MUTAN also outperforms the expensive MCB method but results on standard benchmarks show that it does not outperform MFB. It is still an interesting method as it incorporates a full bilinear pooling, albeit at lower dimensions.
Learn more about MUTAN here:
MUTAN: Multimodal Tucker Fusion for Visual Question Answering
Hedi Ben-younes, Rémi Cadene, Matthieu Cord, Nicolas Thome
Incorporating bilinear pooling into attention mechanisms
The bilinear pooling operations described above enable rich interactions between two input embeddings and generate a resultant output embedding. Hence they can be applied in different parts of a VQA architecture, wherever a multimodal interaction takes place. In particular, there are two points in an attention based VQA architecture where bilinear pooling is usually employed.
- The core part of VQA attention is interaction between a question embedding and different image region embeddings.
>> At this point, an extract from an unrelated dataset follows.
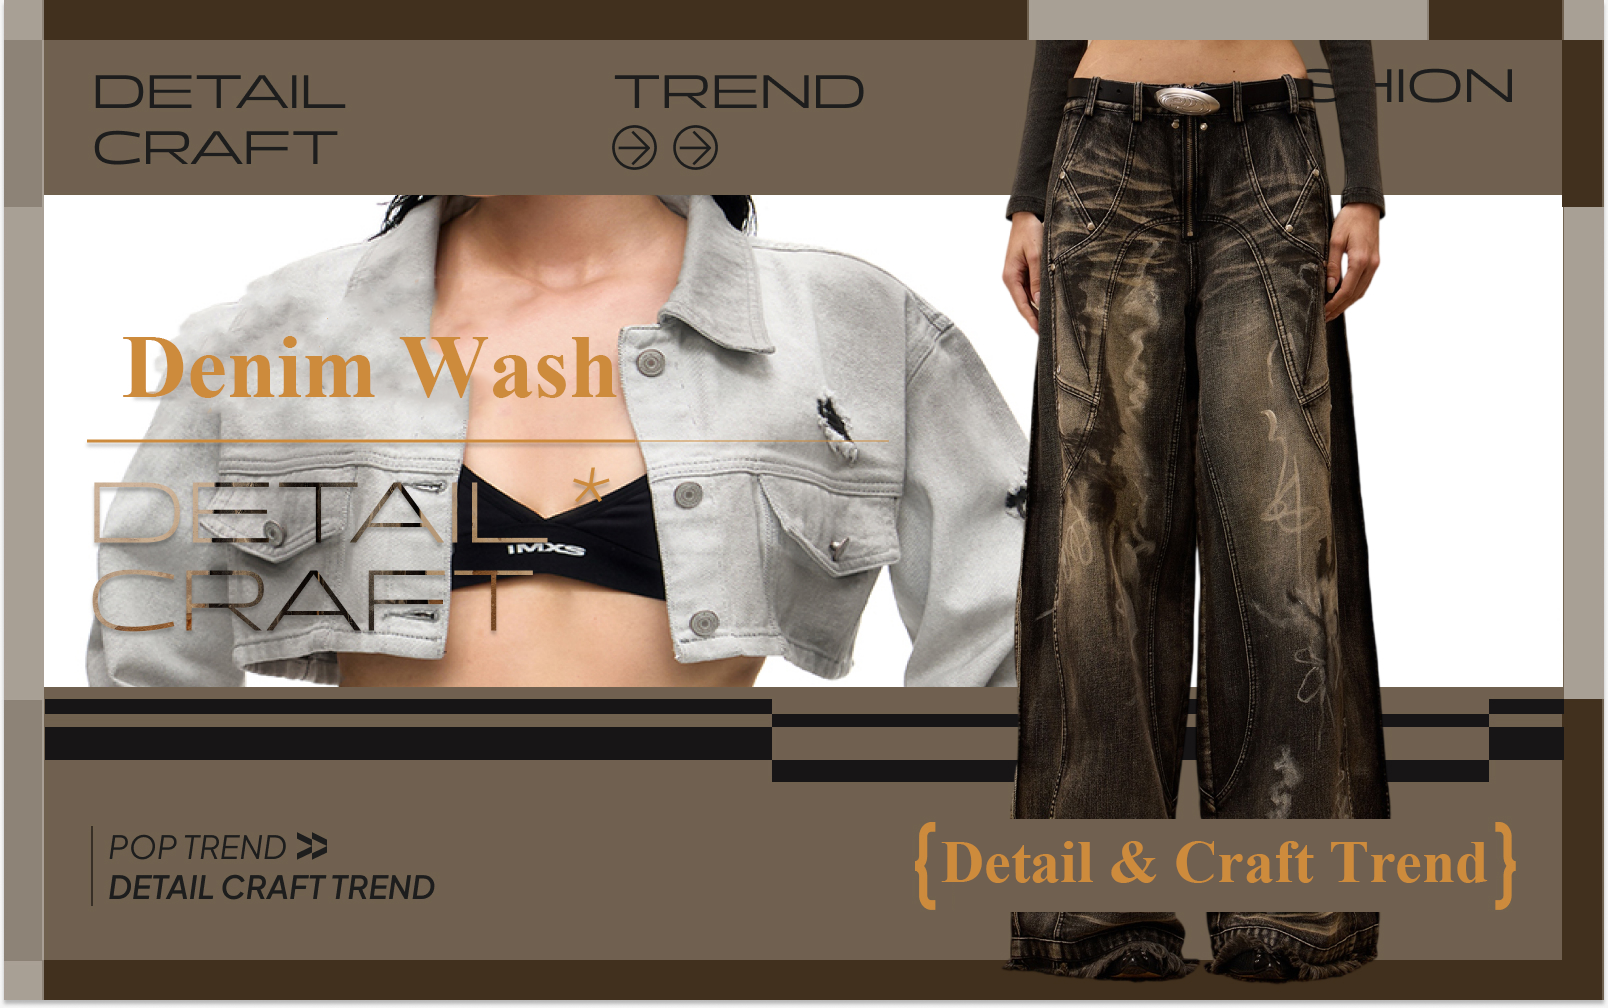 Wash Finishing -- The Craft Trend for Denim Clothing

This is a perfect match for bilinear pooling. The result of the pooling operation is a tensor with an embedding for each attention. This tensor is then passed through convolution layers to finally result in the attention weight vector.
- After the attention weights are used to linearly combine image embeddings into a final image embedding, this embedding undergoes an interaction with the question embedding to form the aggregated information vector. This interaction is also modeled by bilinear pooling.
These applications of bilinear pooling to the attention based VQA architecture are shown below.
To summarize, an outer product between two vectors is an extremely rich and powerful mechanism to combine them, in contrast to simple element wise operations. However, the raw outer product is prohibitively expensive and impractical to incorporate into VQA models.
To overcome this deficiency and yet extract some power from it, several versions of bilinear pooling have been proposed over the past few years. These have led to accuracy improvements over simpler interaction methods. I discussed some of the more prominent ones in this post.